You might think investment bankers would be skeptical — or even downright critical — of direct listings, the process Spotify and Slack used to go public instead of holding a traditional initial public offering.
After all, a direct-listing streamlines the process companies go through to get their shares listed. By design the process eliminates a lot of the work bankers usually perform — and much of their fees.
That may be so, but some of Bank of America's top tech bankers are embracing direct listings.
"We're actually a big proponent of" the process, said Neil Kell, Bank of America's global head of tech, media, and telecom equity capital markets. He continued, "We're all in."
The way Bank of America views public offerings — direct, traditional, or otherwise — is that they are just one transaction in what ideally will be a long-term relationship with corporate clients, said Gary Kirkham, global co-head of technology, media, and telecom investment banking for the company. The bank may make less money in the public offering process by helping out with direct listings, but doing so could engender good will that will benefit the bank later on.
"We want to have the relationship for the full period of that company," Kirkham said.
Silicon Valley is abuzz about direct listings
Kell and Kirkham spoke with Business Insider at the bank's Tech Innovation Summit in Silicon Valley's Menlo Park last week. Direct listings were one of the topics du jour at the event, which was attended by venture capitalists and startup founders.

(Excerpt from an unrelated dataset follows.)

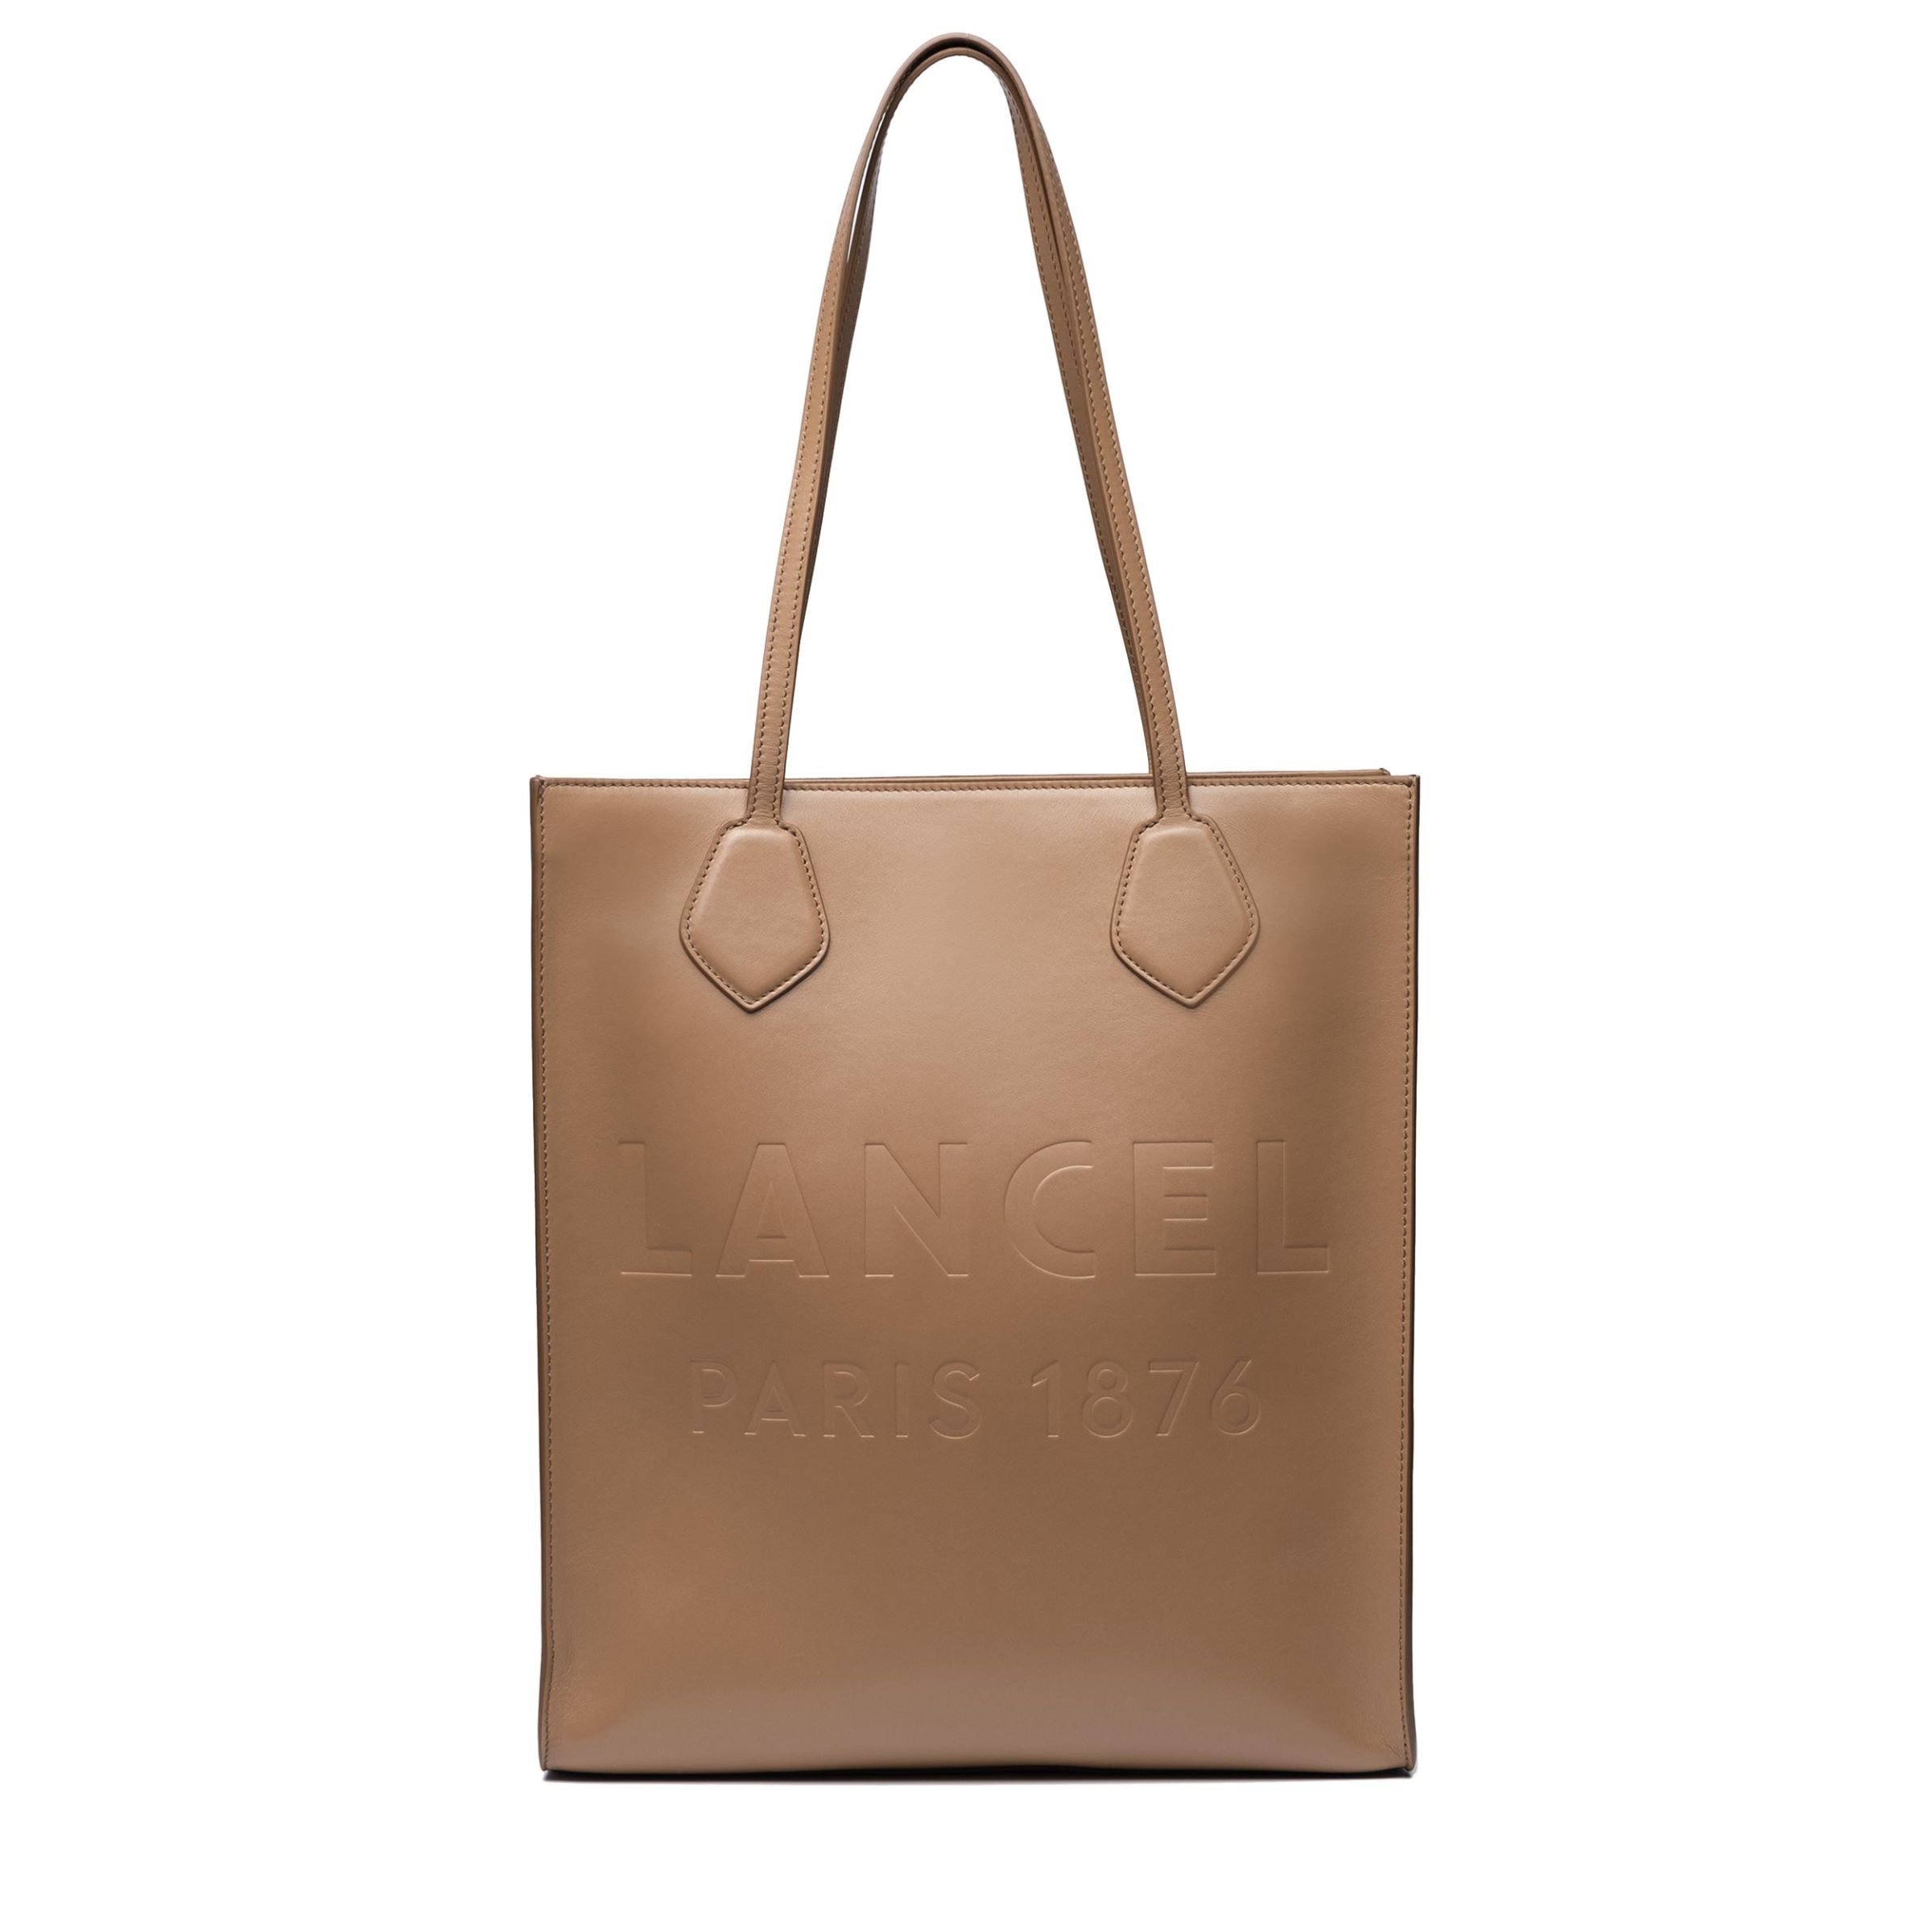 Сумка Lancel Essential  коричневая

At least in the United States, there have only been two prominent direct listings offerings to date — Spotify last year and Slack earlier this year. But the process has started to attract growing interest and attention, especially in Silicon Valley. Bill Gurley, a partner at Benchmark Capital, one of the leading venture capital firms, has championed direct listings and held an event earlier this month to highlight their benefits over IPOs.

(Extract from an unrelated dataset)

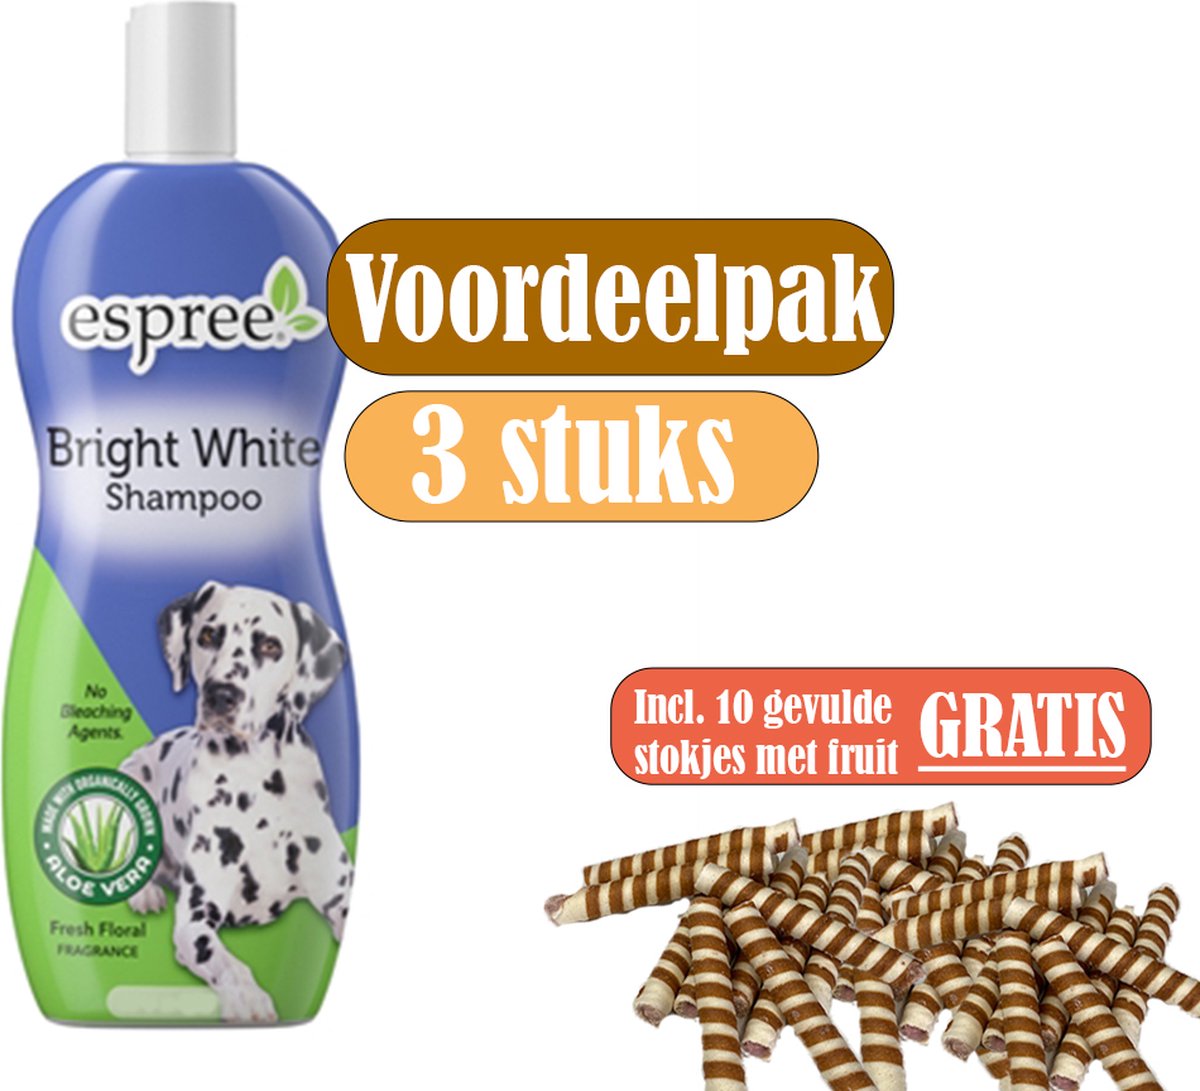 Espree Shampoo Lichtgevend Wit - Voordeelpak 3 stuks - inclusief gratis stokjes gevuld met fruit (10 stuks)

In a traditional IPO, bankers help market a company's stock to institutional investors, who are the initial purchasers of its shares. The bankers line up buyers for the offering, which generally raises money for the company, and work with the company to determine the price at which the shares will begin trading.

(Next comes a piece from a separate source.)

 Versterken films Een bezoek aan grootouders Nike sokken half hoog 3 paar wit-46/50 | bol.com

Usually the bankers try to underprice the shares so that they jump, or pop, on their first day of trading, when the initial institutional buyers sell them to the general public. That pop rewards the IPO investors and can spark the interest of everyday investors, but it represents a giveaway of cash by the company, which isn't getting paid the market value for its shares.
For all their efforts as part of an IPO, banks typically receive a big fee.
In a direct listing, by contrast, a company's early investors sell shares directly to the public via the exchange they join. The company itself doesn't raise money in the offering, and its executives don't generally go on a so-called road show to meeting with prospective IPO investors. The price the selling shareholders get for their stock is basically determined by the market, rather than by the company's bankers, so there isn't necessarily a first day "pop" built in.
Because their role is much reduced in a direct listing process, the underwriting banks typically see a fraction of the fees they'd see in an IPO.
The Spotify and Slack offerings and Gurley's recent event have all sparked interest in direct listings, Bank of America's Kell said. Many of the bank's clients and potential customers have been reaching out to it lately about the process, he said.
"The level of dialog has definitely picked up," said Kell.
Lots of companies could go public via a direct listing
Some IPO experts have been dubious that the direct-listing process will catch on widely. Few companies have the name recognition of Spotify or even Slack. Few also are as well capitalized; instead, many need to raise funds for themselves when they go public. There's also been some fear that investment bank's research divisions might shun companies that go public via direct listing, making it harder for them to generate interest in their shares.
But Kell argues direct listing could end up being used by a much wider swath of companies than skeptics expect. While many companies do use a public offering to raise money for themselves, that doesn't have to be done through a traditional IPO, he noted. Companies could sell shares to big investors in a private placement before or after a direct listing. Or they could do what many public companies do all the time — sell shares to the public after they are already listed.
And while the traditional IPO roadshow can be useful, companies have plenty of ways to market themselves to potential investors, Kell said. Spotify and Slack both gave presentations to potential investors via webcast prior to their offerings.
A direct listing is "a very viable solution for most clients," Kell said.
Airbnb is reportedly planning to go public via a direct listing next year. And Bank of America is working with "a couple" of companies that plan to go public next year via the same process, Kell said.
That's not to say that the industry will suddenly flip and all offerings will be done via direct listings. Both IPOs and direct listings have their benefits and drawbacks, and Bank of America sees its role as helping clients figure out which process best meets their needs, Kell said.
"Direct listings, I think, are an output of the debate that the whole ecosystem is having … (about) how do we fulfill more of the objectives of our clients via an appropriate process," he said.